Favour static member classes over nonstatic

Typical use of a nonstatic member class

public class MySet<E> extends AbstractSet<E> {
    ... // Bulk of the class omitted

    @Override public Iterator<E> iterator() {
        return new MyIterator();
    }

    private class MyIterator implements Iterator<E> {
        ...
    }

}

If you declare a member class that does not require access to an enclosing instance, always put the static modifier in its declaration. If you omit this modifier, each instance will have a hidden extraneous reference to its enclosing instance and it will take time and space.

Limit source files to a single top-level class

Use static member classes instead of multiple top-level classes. If you do otherwise, your program might not be able to compile or run properly.

public class Test {
    public static void main(String[] args) {
        System.out.println(Utensil.NAME + Dessert.NAME);
    }

    private static class Utensil {
        static final String NAME = "pan";
    }

    private static class Dessert {
        static final String NAME = "cake";
    }
}

Never put multiple top-level classes or interfaces in a single source file.

Generics

Don’t use raw types

private final Collection stamps = ... ;

If you use raw types, you lose all the safety and expressiveness benefits of generics.

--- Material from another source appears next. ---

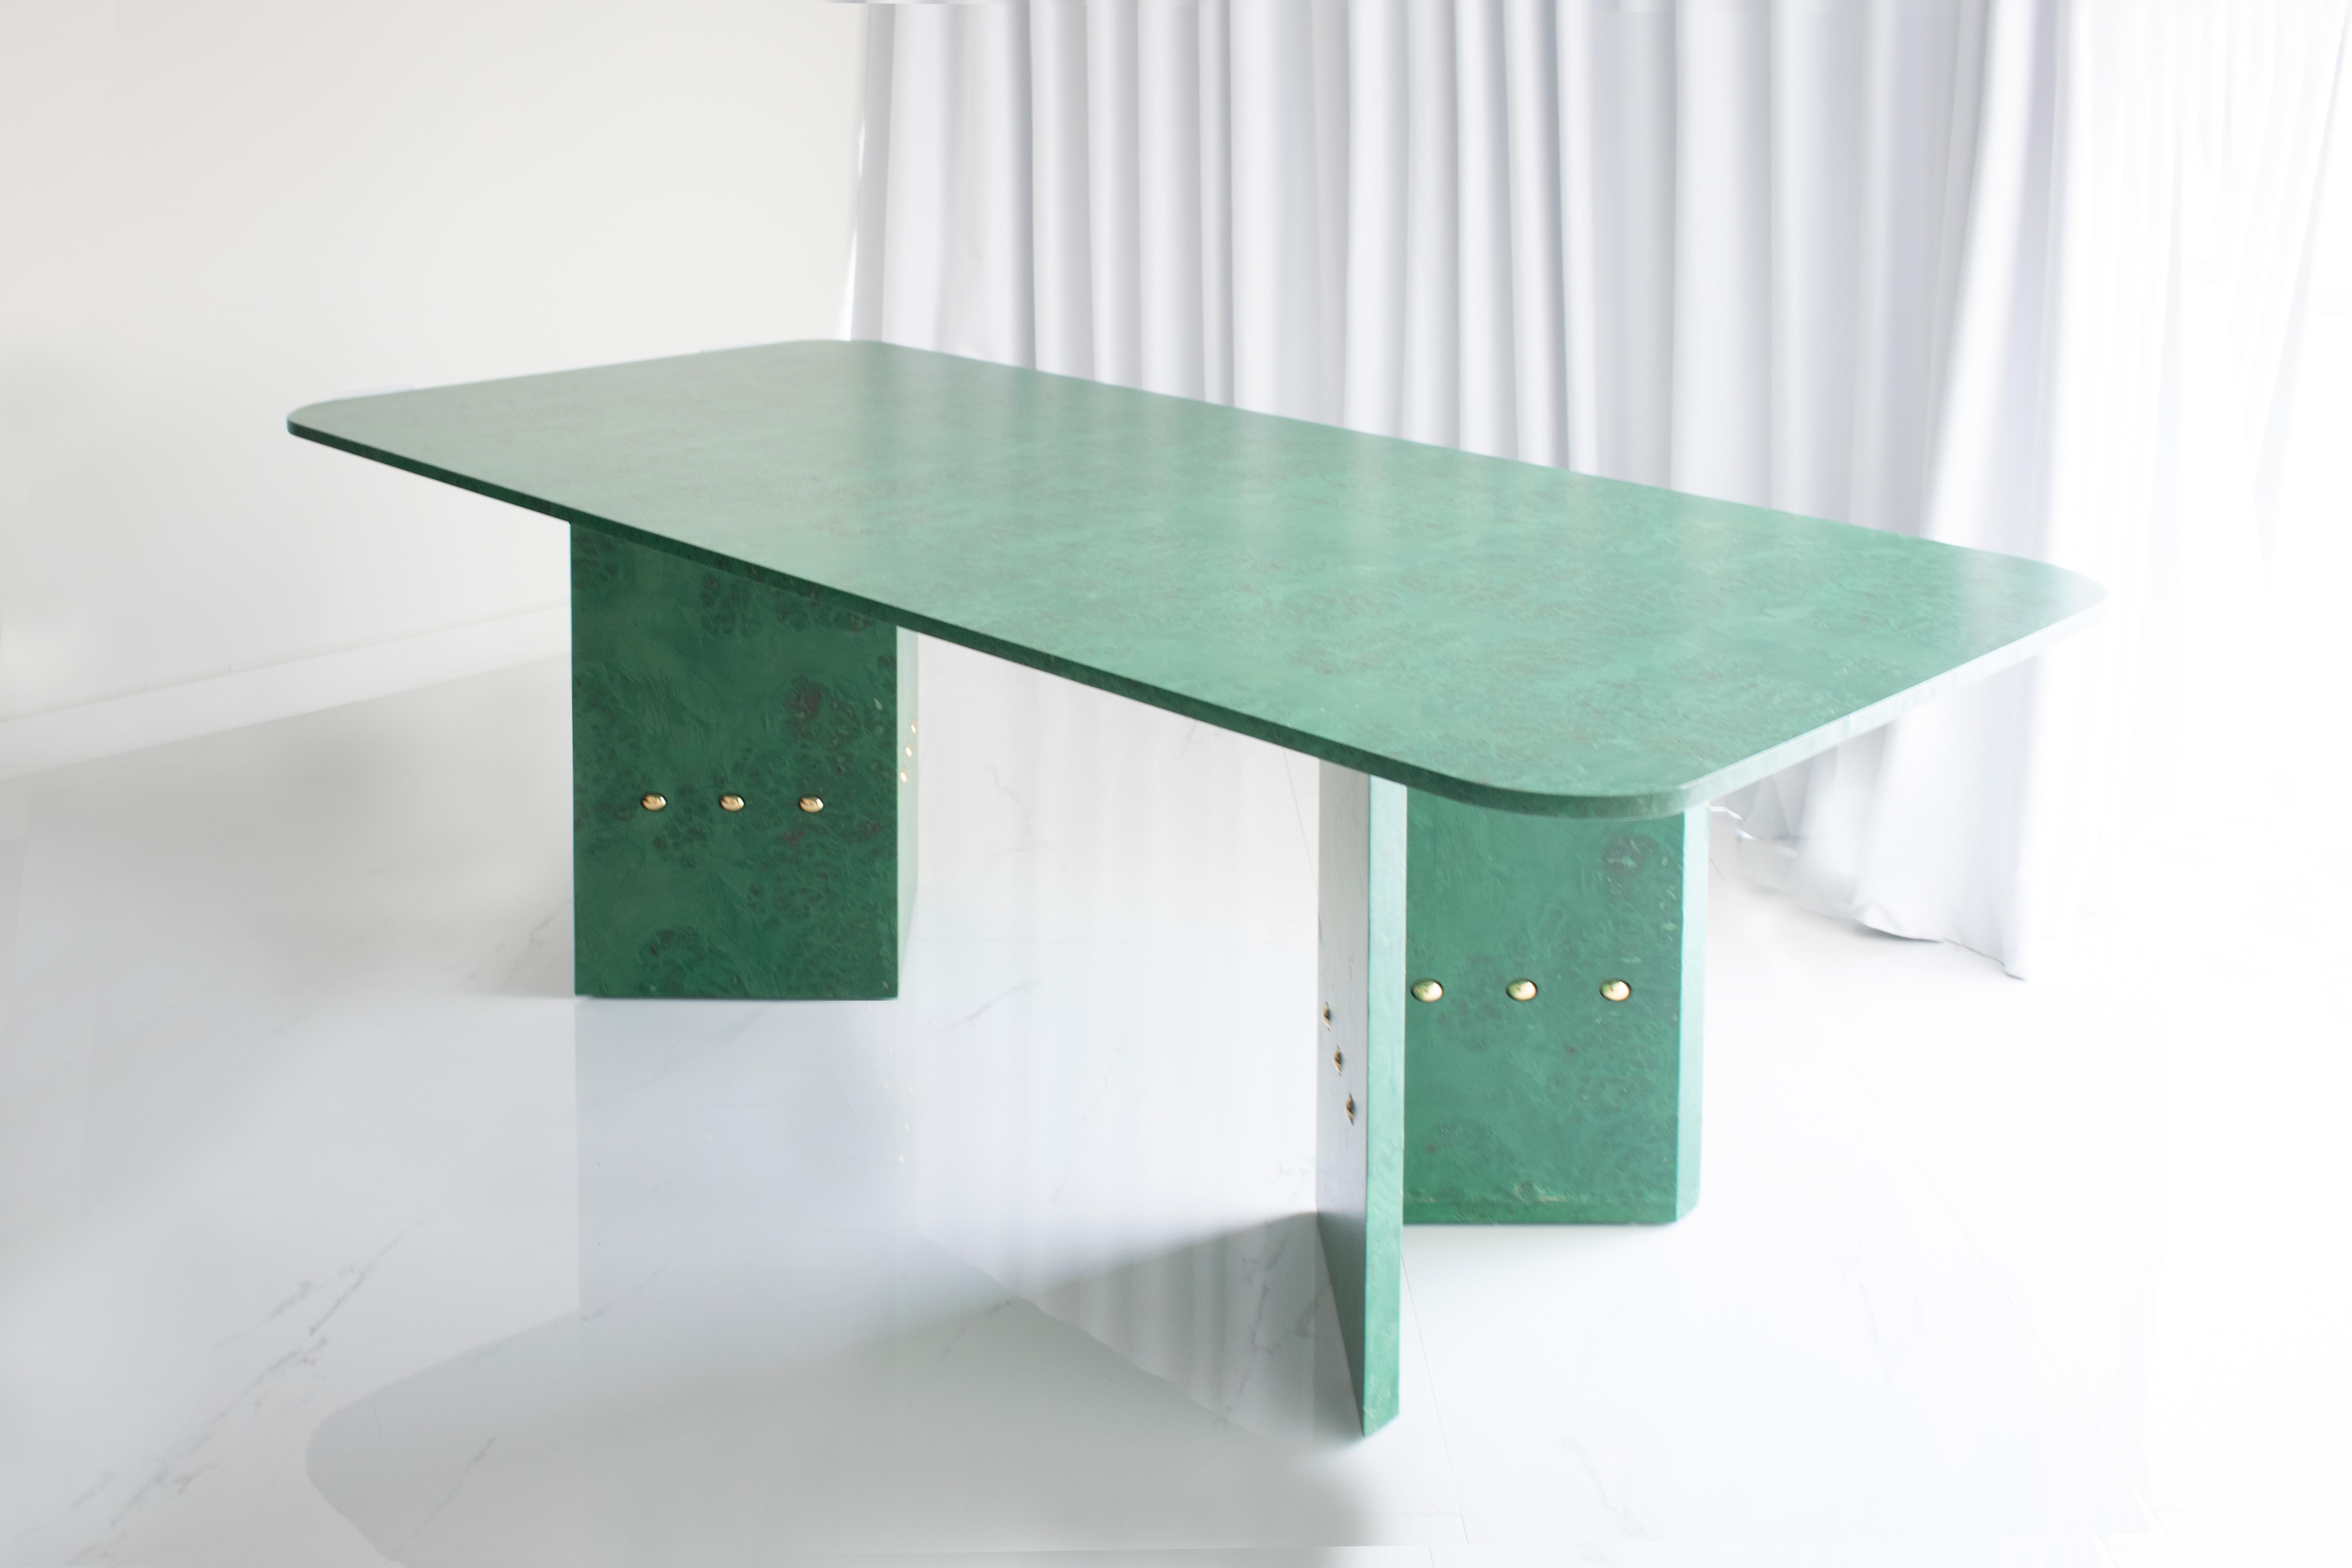 Fabriqué en placage de bois de ronce laqué en vert, avec des détails en laiton massif, ce meuble de salle à manger est une déclaration chromatique audacieuse conçue avec des détails fins. Son design intemporel apporte un morceau de nature à l'espace

private final Collection<Stamp> stamps = ... ;

You lose type safety if you use a raw type such as List, but not if you use a parameterised type such as List<Object>.

This method works but it uses raw types, which is dangerous.

static int numElementsInCommon(Set s1, Set s2) {
    int result = 0;
    for (Object o1 : s1)
        if (s2.contains(o1))
            result++;
    return result;
}

Better to use wildcard type.

static int numElementsInCommon(Set<?> s1, Set<?> s2) { ... }

You can put any element into a collection with a raw type, easily corrupting the collection type invariant. You can’t put any element (other than null) into a Collection<?>

There are a couple of exceptions to the use of raw types

  • You must use raw types in class literals, as List.class is legal, but List<String>.class is not.
  • Raw types is the preferred way to use the instanceof operator with generic types
      if (o instanceof Set) {       // Raw type
          Set<?> s = (Set<?>) o;    // Wildcard type
          ...
      }
    

Eliminate unchecked warnings

Eliminate every unchecked warning that you can. That will ensure your code is typesafe.

If you can’t eliminate a warning, but you can prove that the code that provoked the warning is typesafe, then (and only then) suppress the warning with an @SupressWarnings("unchecked") annotation.

Always use the SuppressWarnings annotation on the smallest scope possible.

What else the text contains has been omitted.